Interactive representation is an emergent of action, interaction, and the potentialities for interaction; it is not a product of any sort of processing of inputs. Passive systems that only receive inputs cannot be representational in the interactive sense. No "processing" of inputs can yield interactive representationality, including any connectionist processing of inputs: representation is an emergent property of situated interacting systems, not passive systems. Neither computers nor connectionist networks, then, can be interactively representational; robots, however, could be (Beer, 1990; Bickhard, 1982; Bickhard & Terveen, 1995; Brooks, 1991a, 1991b; Cherian & Troxell, 1995a, 1995b; Hooker, in preparation; Maes, 1990; Malcolm, Smithers, & Hallam, 1989; Smithers, 1992; Wheeler, 1996).
Interactive representation is an emergent of potentialities for interaction. It is not most fundamentally of or about actualities except in the sense of "actual" interactive potentialities. This intrinsic involvement of modality in all representation is characteristic of all recognitions that representation emerges from action, not from inputs, and interactivism shares in it. Representation as emergent from action rather than from the processing of inputs must be modal because it is potential actions, the potentialities for action and interaction, that are at issue, not past actions and not past inputs (Bickhard, 1988, 1993; Bickhard & Campbell, 1989; Bickhard & Terveen, 1995). Standard conceptions of representation focus on supposed encodings of actualities, derived from inputs corresponding to those actualities, with either no involvement of modality, or with an ad hoc addition of modal operators on top of a basically non-modal representational system.

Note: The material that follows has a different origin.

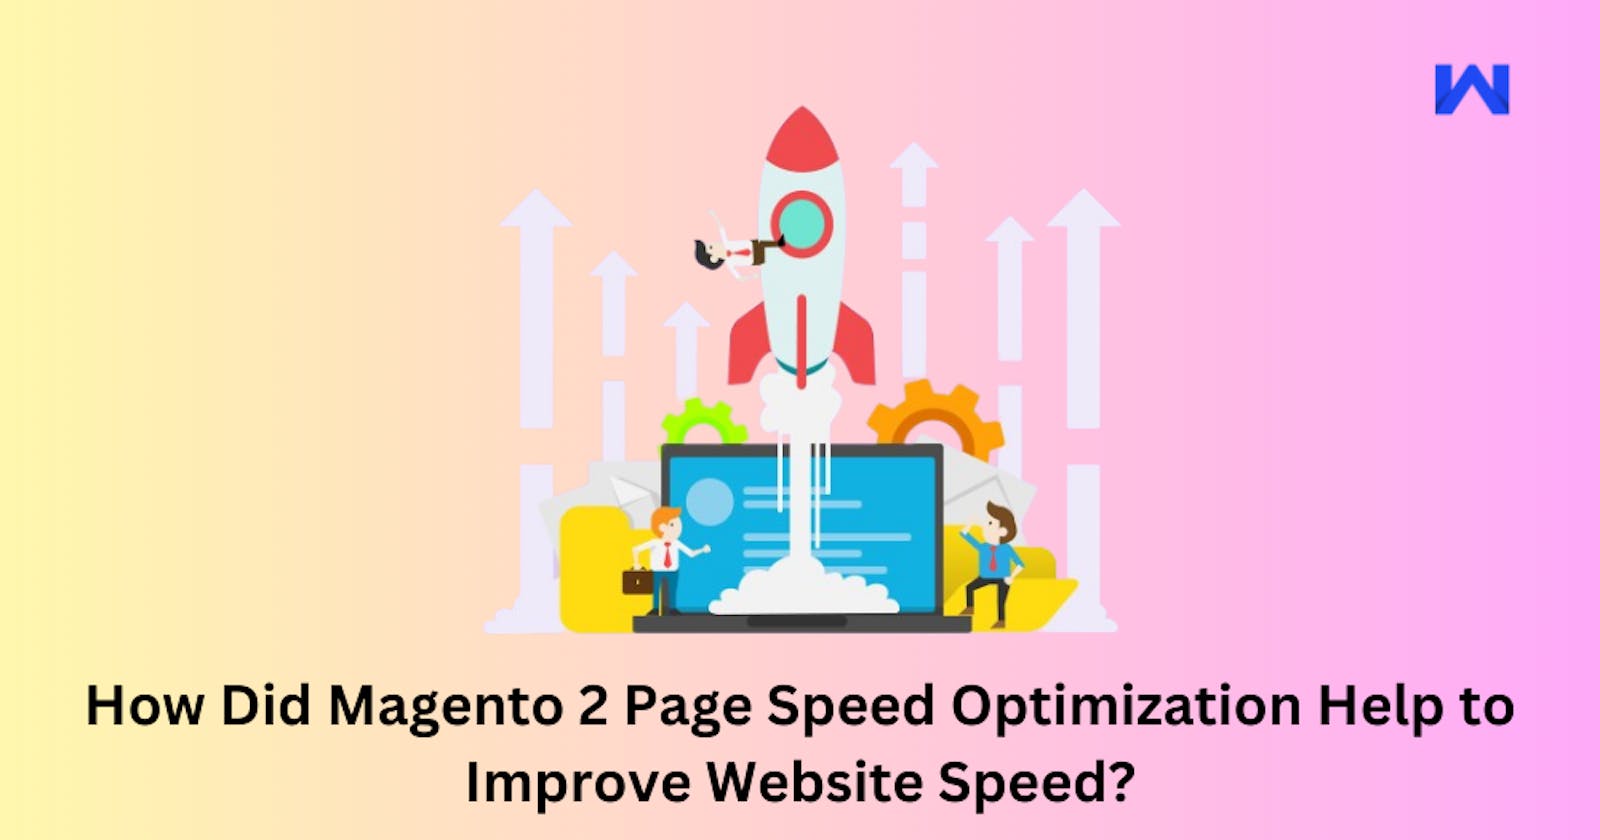 How Did Magento 2 Page Speed Optimization Help to Improve Website Speed?

This interactive framework, especially when supplemented by the arguments for the incoherence of standard encodingist approaches (Bickhard, 1991b, 1991c, 1992a, 1993; Bickhard & Terveen, 1995), gives rise to questions about standard belief-desire folk psychology. If folk psychology is not capturing the correct underlying ontologies, what status does it have? Churchland (1981, 1984) construes folk psychology as a theory about mental ontology, and as an egregiously false such theory. Freud and Fodor take it to be a correct theory. I suggest as an alternative that folk psychology is primarily concerned with the regularities of and with regulating the interactions of people with their environments, most especially with their social environments. Any such functionality of folk psychology will impose constraints on what sorts of underlying ontologies could be consistent with such functionalities, but it does not require that folk psychology be any sort of direct theory about those underlying system ontologies (Clark, 1989).
In particular, folk psychology is concerned with the accomplishments, and the claimed and intended accomplishments, of the interactions of people more than with the processes by which those accomplishments were or were not attained. Accomplishing truth or reference, for example, is not something that can be assured to any procedure for accomplishing them, yet notions of knowledge presuppose the accomplishment of truth and notions of naming and "talking about" assume the accomplishment of unit set differentiation (Bickhard, 1980b; Roberts, 1993). All such cases are defeasible. They are presumptions about the relationships between the organisms and their worlds, not about the interiors of the organisms per se. They are accomplishments that we ourselves and other people alike are vitally interested in, and, thus, they are an understandable focus of folk psychological characterizations and interchanges. Such accomplishments constitute an important part of the exchanges between and among people -- exchanges of knowledge, or at least ostensible knowledge, for example.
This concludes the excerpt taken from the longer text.